The heat source for heating of residential and industrial premises and hot water, comprising a tank, electric motor, high pressure pump, high pressure pipelines, pressure gauge, pressure relief devices, characterized in that the centrifuge rotor on a stationary axis at an angle of ninety degrees rigidly mounted stationary discs with the PLO the bones which are blind holes (cells), and by the inner wall surface of the rotor at an angle of ninety degrees relative to the axis of rotation of the rotor is rigidly fixed to the rotating disks, the planes of rotation which are blind holes (cells)between the stationary and rotating disks are gaps, and in the space formed by the rotating disks and the inner surface of the rotor, there is a zone of high pressure working fluid (medium), from which jets of the centrifuge in the form of free-fall flow through the turbine, enters the tank below the liquid level (environment) in the vessel is a heat exchanger, and on the bottom fixed the heater.


Same patents:

FIELD: the invention refers to heating engineering and is assigned for heating liquids for various branches of the people's economy.

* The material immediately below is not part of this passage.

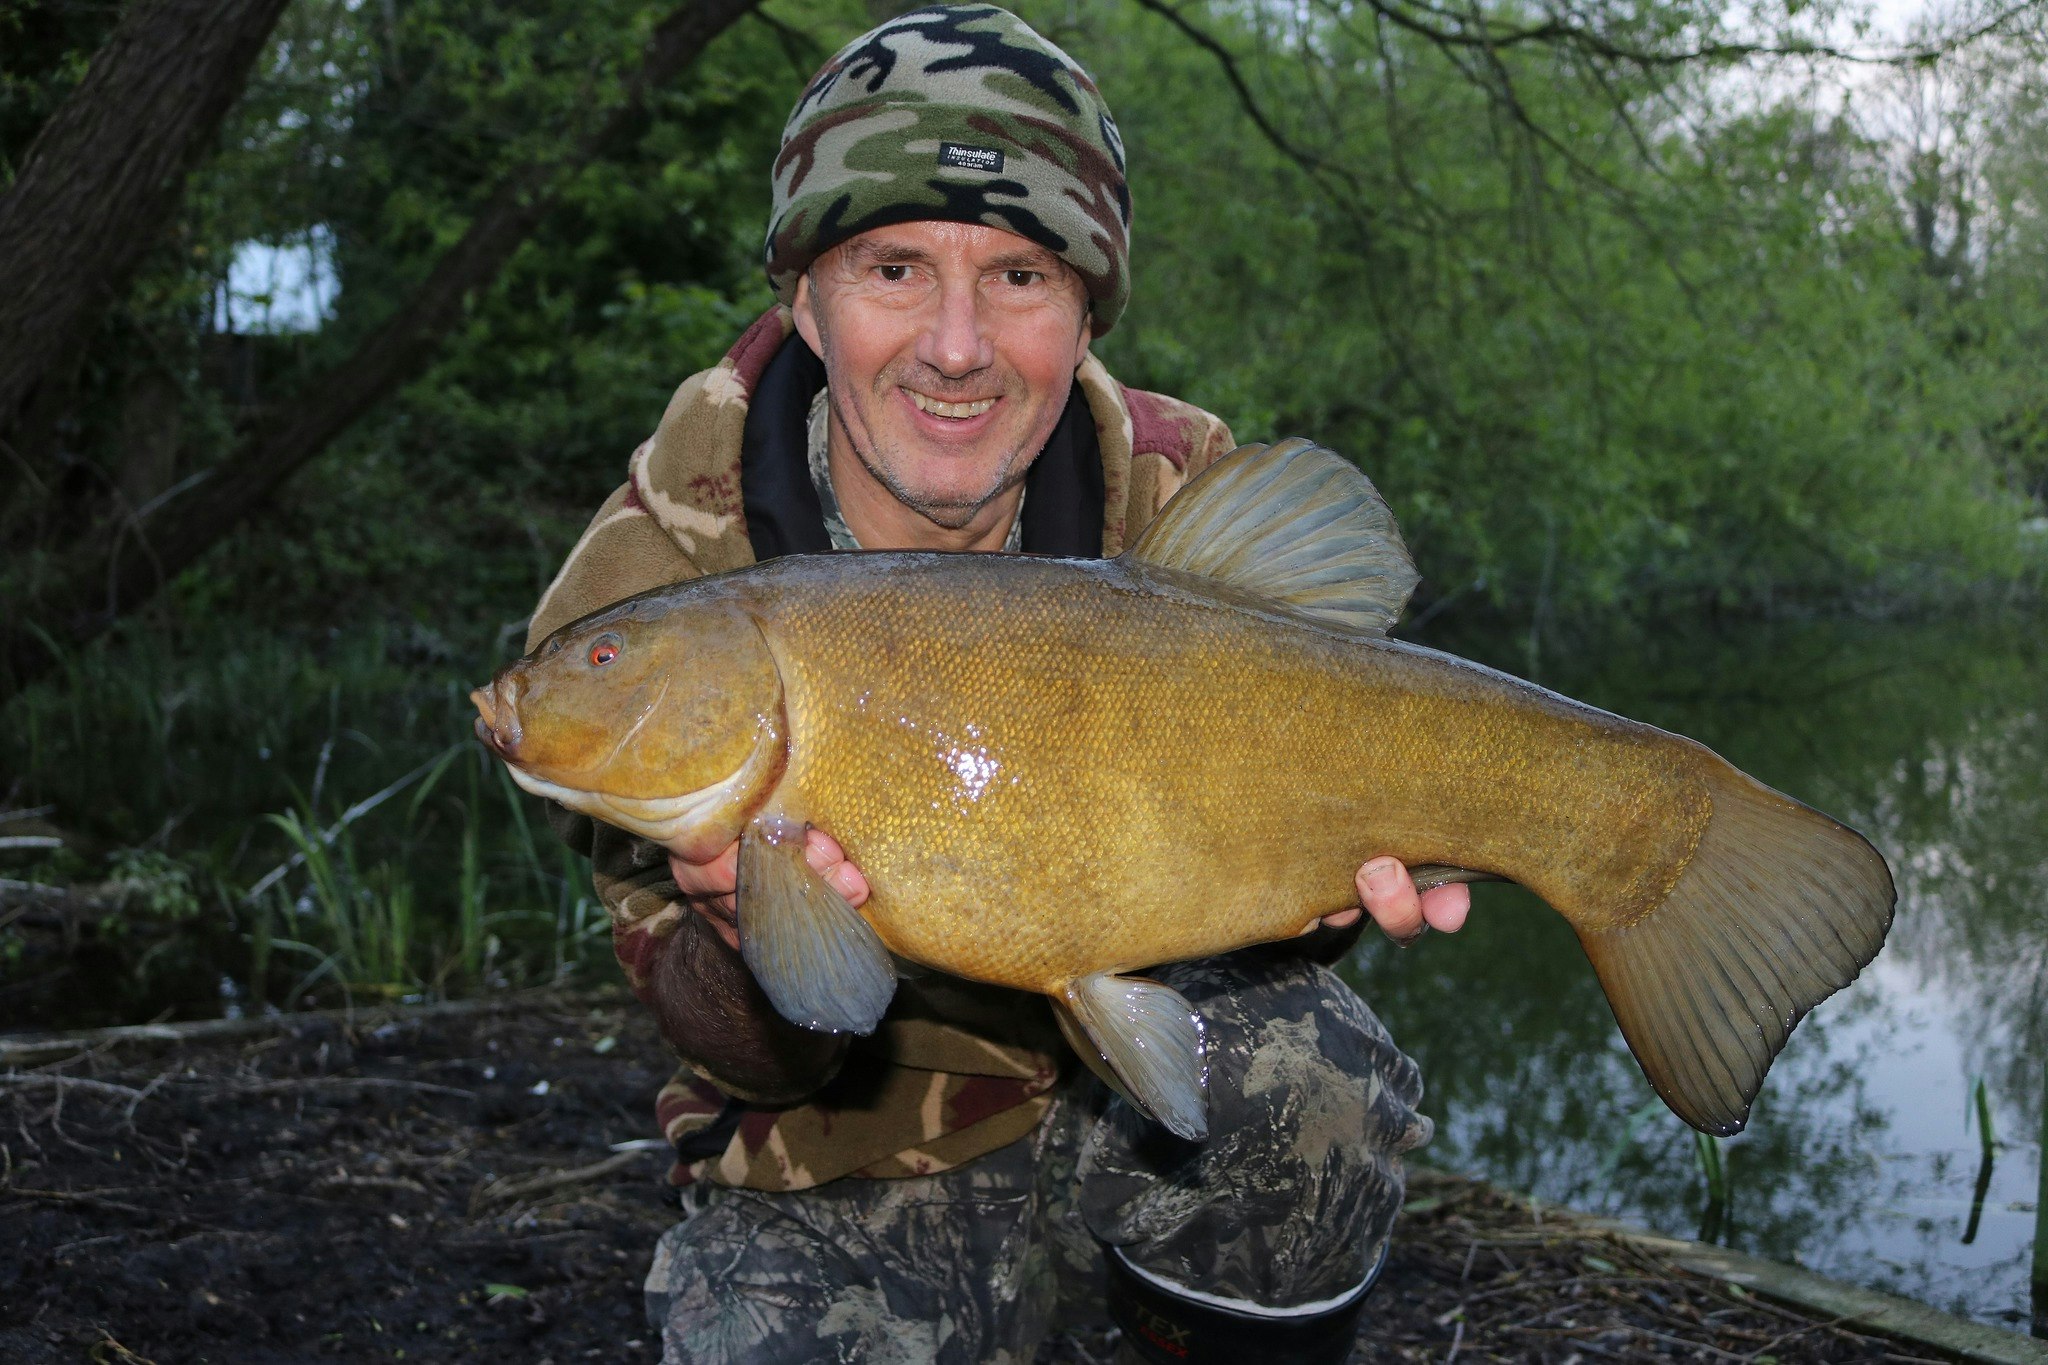 Lee Fisher with a fantastic example of a tench.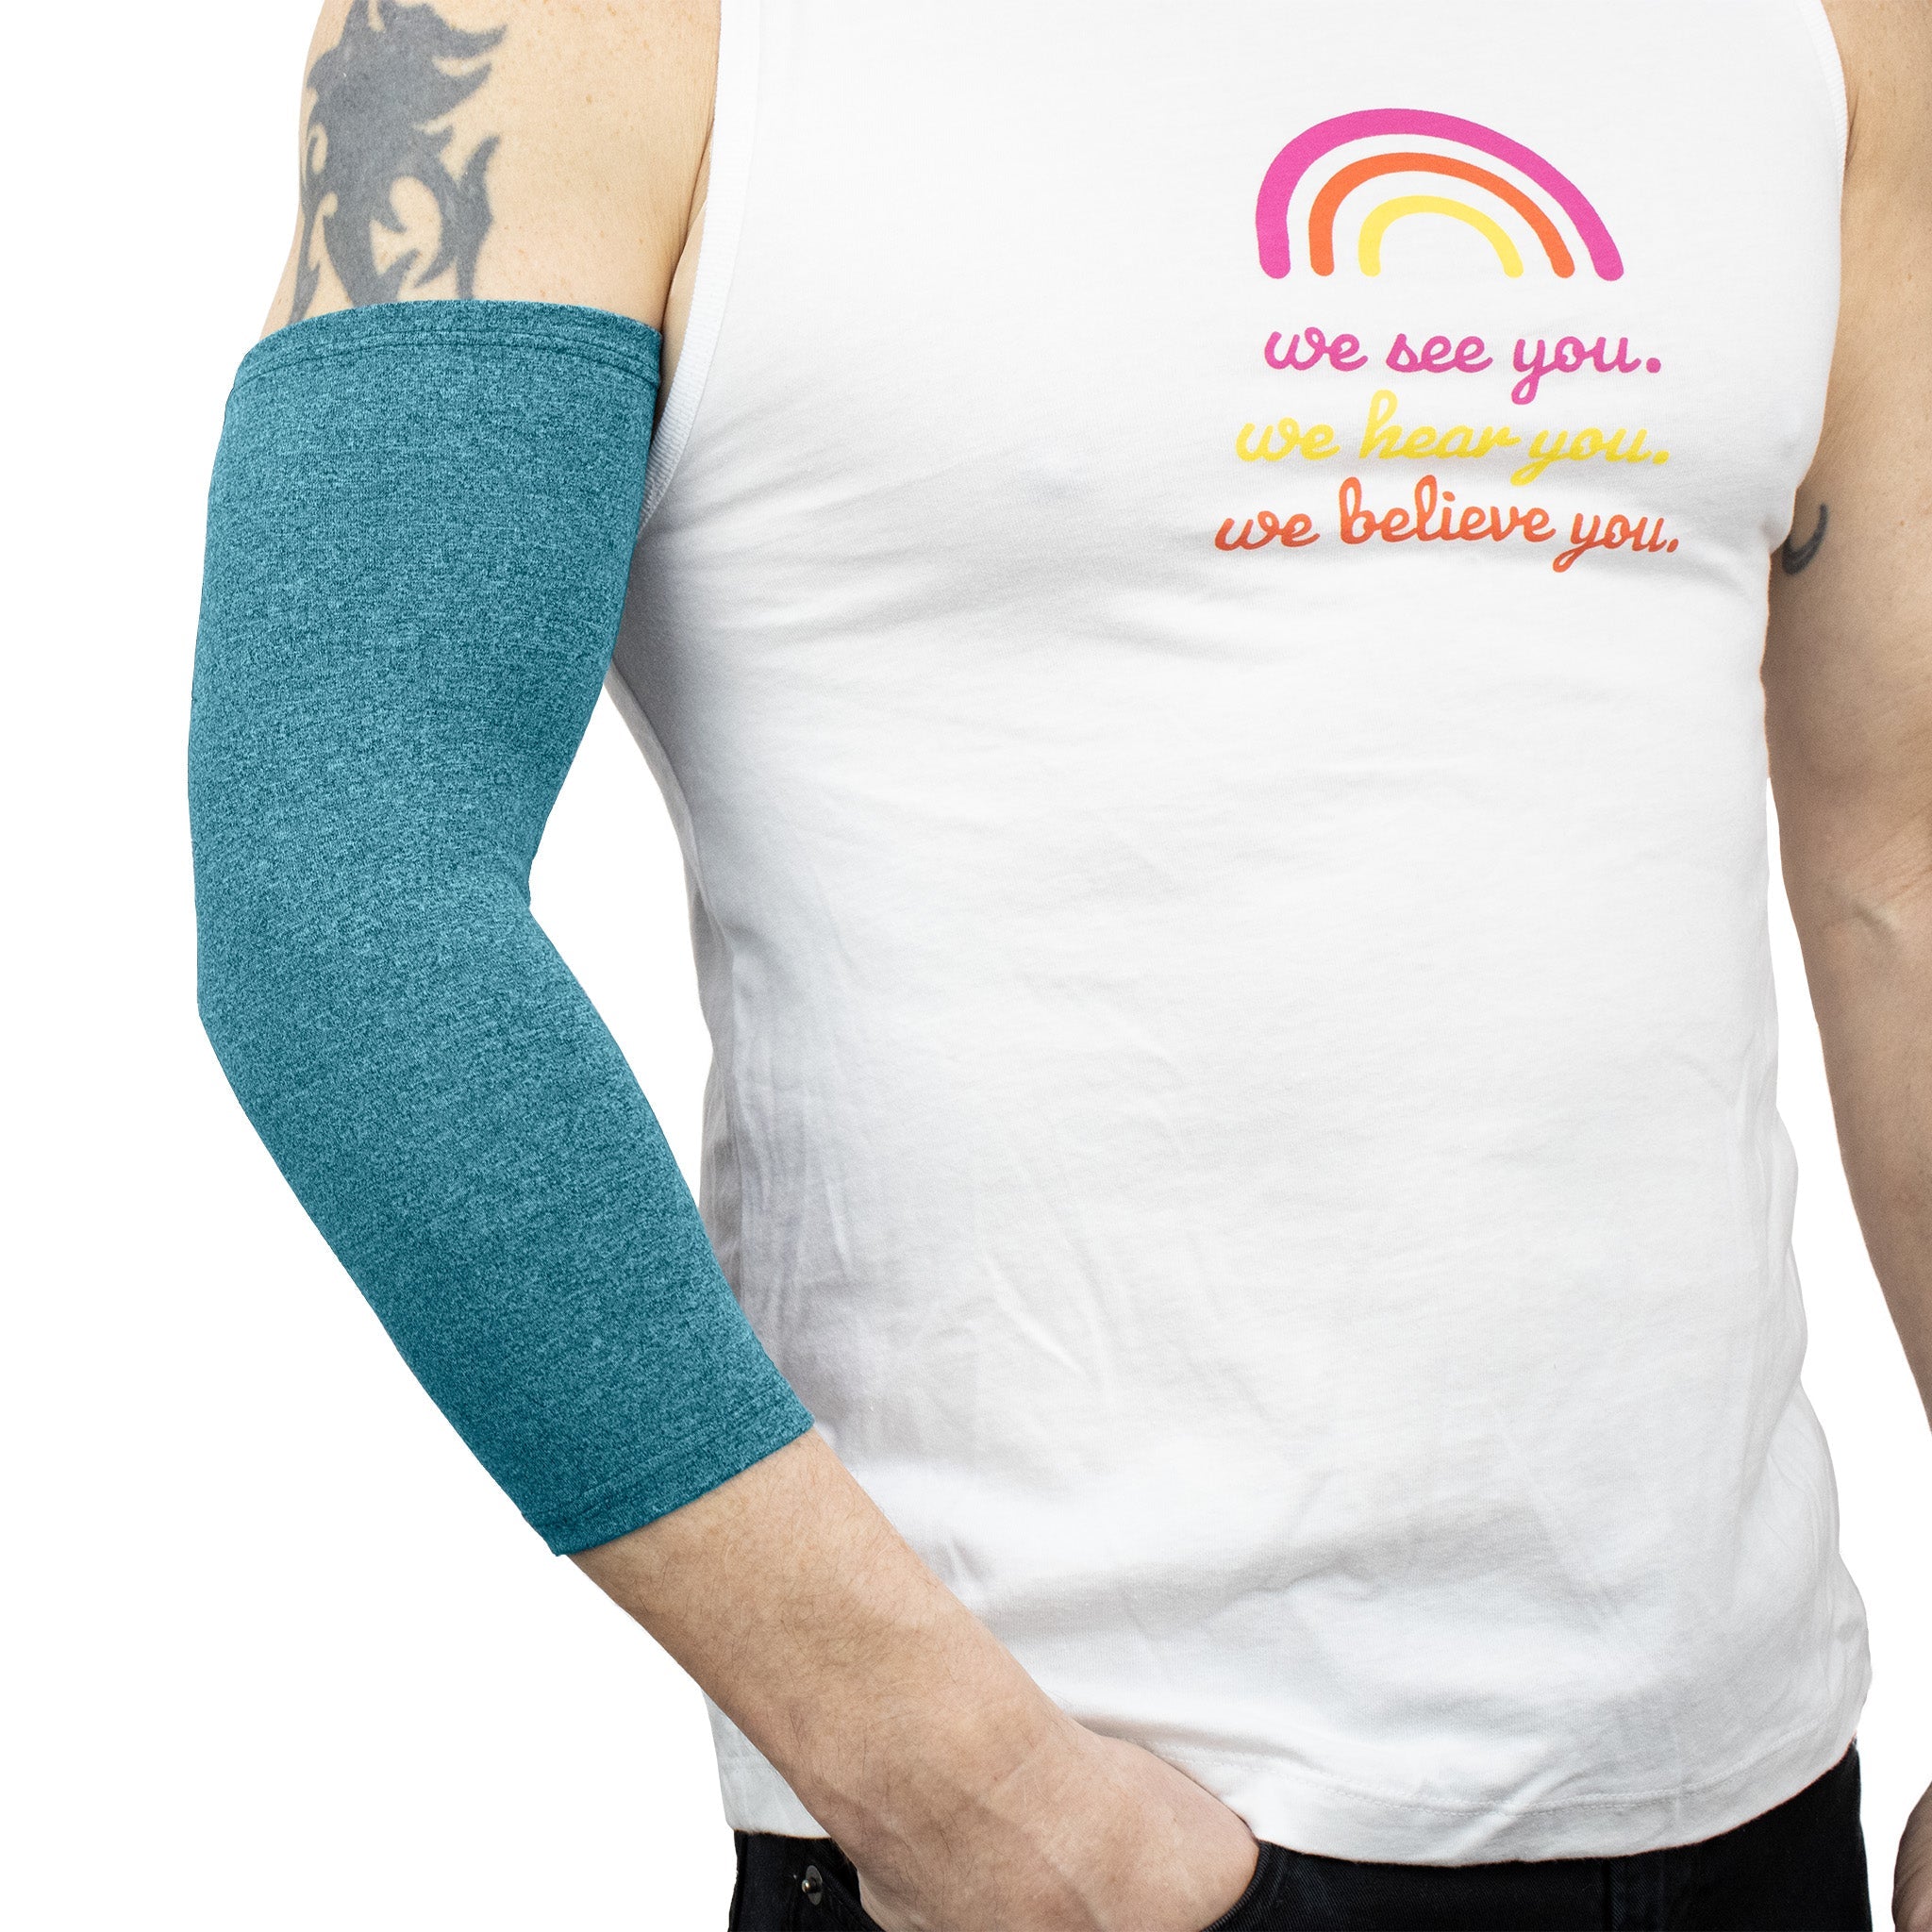 2-Pack Unisex Heathered Ultra Support Sleeve

SUBSTANCE: the technical result is providing capability for work of the hydrodynamic heater in a broad diapason of changing parameters of feeding and forcing the liquid supplying by the pump on its input at a changing frequency of rotation of the shaft of the pump. The self-adjusting hydrodynamic heater of liquid has a cyclone 1 with a lid 2 on which a limiting ring 3 and an adjusting screw 4 are installed, a conic vortex generator 5 is fastened to the cyclone 1, a cylinder 6 having a braking arrangement 7 is connected to the conic vortex generator 5. A breaking chamber 8 with a socket 9 perpendicularly placed to the cylinder 6 is located below the breaking arrangement 7, a hollow closed topped cone 10 is fixed to the lid 2 of the cyclone 1 with the aid of the adjusting screw 4. The cone 10 enters with its large foundation in the limiting ring 3; from the side of the smaller foundation a funnel 11 with a socket 12 are put on the hollow closed topped cone 10. The socket 12 passes through the cylinder 6, the breaking arrangement 7 and a directing bushing 13 installed in the breaking chamber 8 and provided with a fixing screw 14; additionally the hydrodynamic heater has a self-adjusting system having a spring 15 placed in the socket 12 leaned with one extreme screw against the bead 16 formed in the place of joining of the socket 12 and the funnel 11 and the other extreme screw - against a washer 17 putted on a rod 18 which is motionlessly connected with one end to the bottom of the smaller foundation of the closed hollow topped cone 10 and on the other end having a threading and a nut 19 fixing the washer 17 on the rod 18; at that in the bottom of the larger foundation of the closed hollow topped cone 10 there is a beaker 20 in which there is a spring 21 leaning with one extreme coil against an adjusting nut 22 being on an adjusting screw 4 and with the other extreme coil leaning against a supporting bushing 23 leaning with its broad foundation against the bottom 24 of the beaker 20. and with its narrow foundation putted on the adjusting screw 4 with possibility displacement of the supporting bushing 23 along the adjusting screw 4 limited with a head 25 on the end.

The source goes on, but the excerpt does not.